I was left somehow with an empty feeling with the ending of the book. As if it hadn’t concluded anything we didn’t already know, or maybe saying that all his book was a stupidity with the last sentence “Poo-tee-weet”.
There is not much to say that hasn’t been said before about the book. The last three chapters didn’t hold any new revelations, any new insight on the book. But if I had to make conclusions about this book, and stick to them, I’d say that Billy’s insanity becomes clearer in the end. It’s not confirmed, it’s not a final conclusion, it’s simply an implication we can make based on the facts. I had mentioned in previous blogs that probably the idea of the Tralfamadorians came from the novels of Kilgore Trout, because he had read them during a time in his life where he had to rebuild his beliefs. In the last chapters, an extra novel is mentioned, The Big Board, and it’s this novel that for me could confirm Billy’s insanity. It talks about two humans (man and woman) who are taken by extraterrestrials to a distant planet, and are displayed in a zoo there. For me, that IS Billy’s story, just as a Tralfamadorian would say, it has been there all along, and always will be.

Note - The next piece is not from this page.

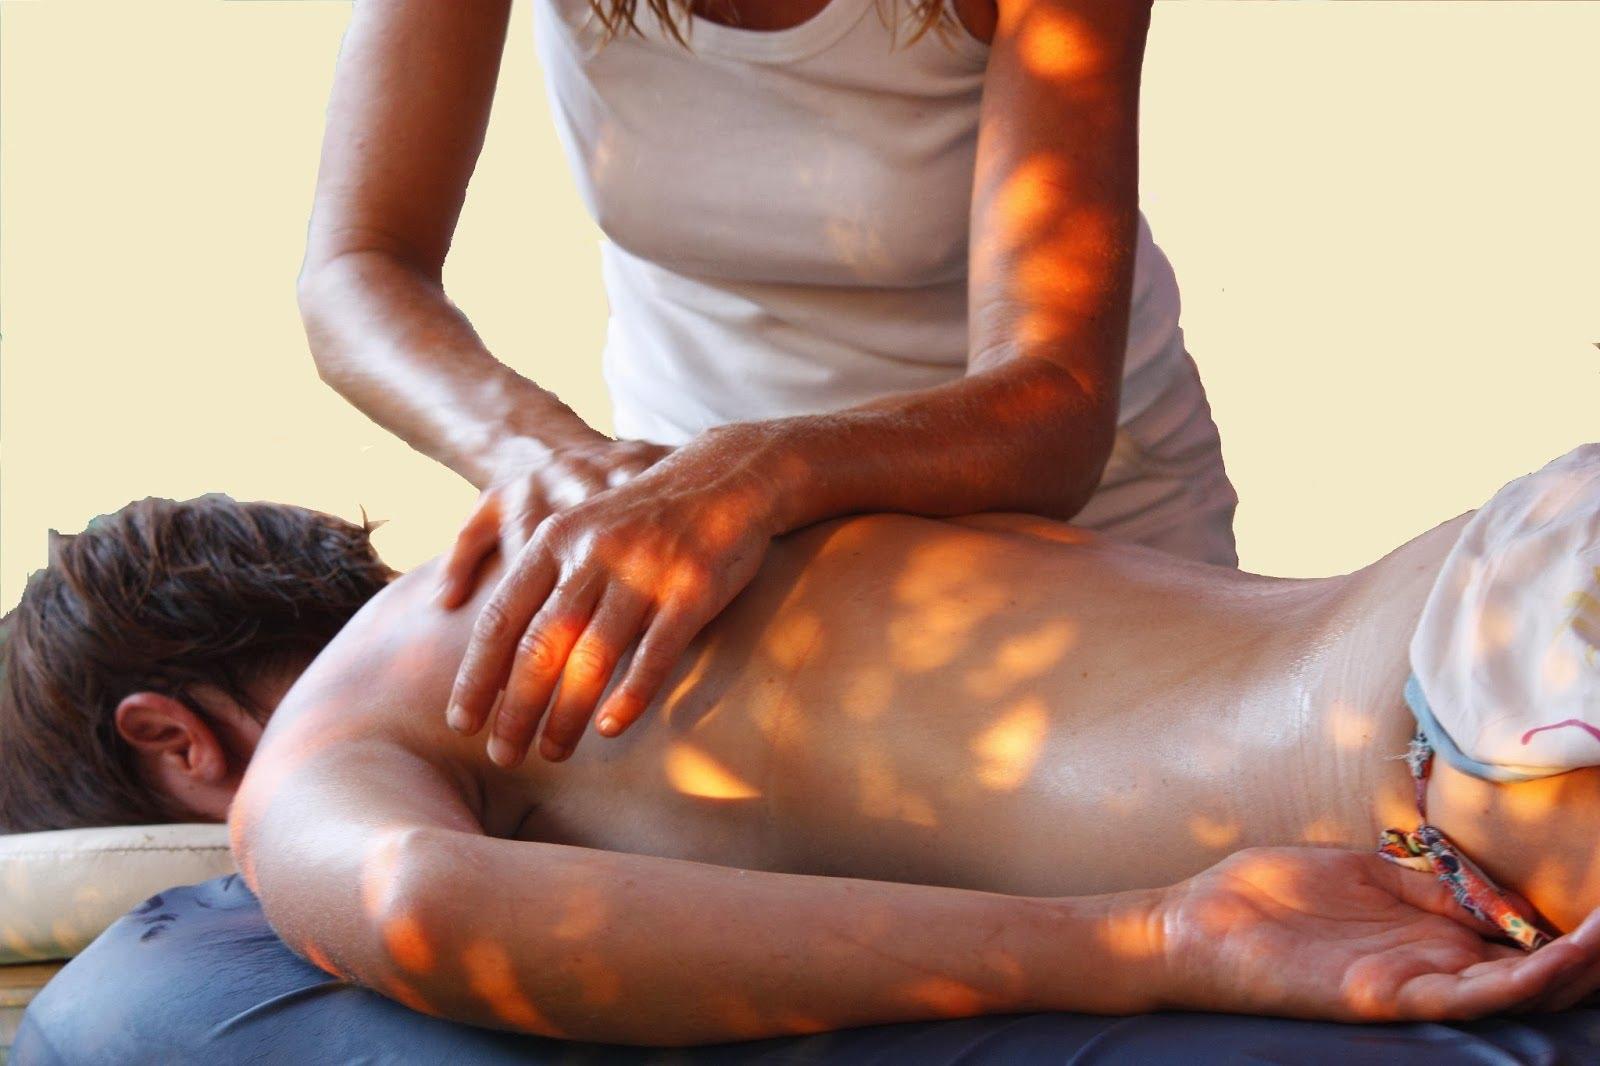 Что это - лингама? техника массажа лингама

Another thing that could be said is about Vonnegut’s appearances in the story, which was the most changing factor in the book. We thought he was an invisible character; then that he was a real character in Billy’s life, that they had met; then, that he was the only real character in the book, and that all other characters represented something related to war. That is a dilemma I will never have answered, but as far as I know, I’m confident to say that Vonnegut made appearances in the book to connect it to the real world. Evidently Billy and Billy’s story is fictional, but it might portray factual things about life, about war, about life after war. So with the purpose of us not getting lost in the imaginary world of Billy, the author connected it to himself, to keep it real.
The appearance of Professor Rumfoord from Harvard gives an interesting opinion. Why? He is seeking to write a book about WWII, and he wants to mention the huge success and necessity that was Dresden’s fire bombing. Billy is his roommate, but Rumfoord doesn’t show the slightest interest for Billy or his story about the Dresden fire bombing. I think this could be seen as Vonnegut’s way of critiquing historians who write about events like that. They never capture the whole truth about the moment, they make it sound heroic and necessary, but it will never be seen that way by people like Billy who actually lived through it. It comes to say: was all that slaughter really necessary? Was it really an act of heroism to kill so many people? It says that no one, as intelligent as they might be, seeks to write the whole truth about an event like that, because like Vonnegut says at the beginning, there is nothing intelligent to say about a massacre.
That brings me to my last point, the “Poo-tee-weet”. Is Vonnegut implying that his entire book isn’t more intelligent than a bird’s sound? Because there is nothing intelligent to be said about a massacre. Could his book be replaced by a simple “Poo-tee-weet” after a massacre?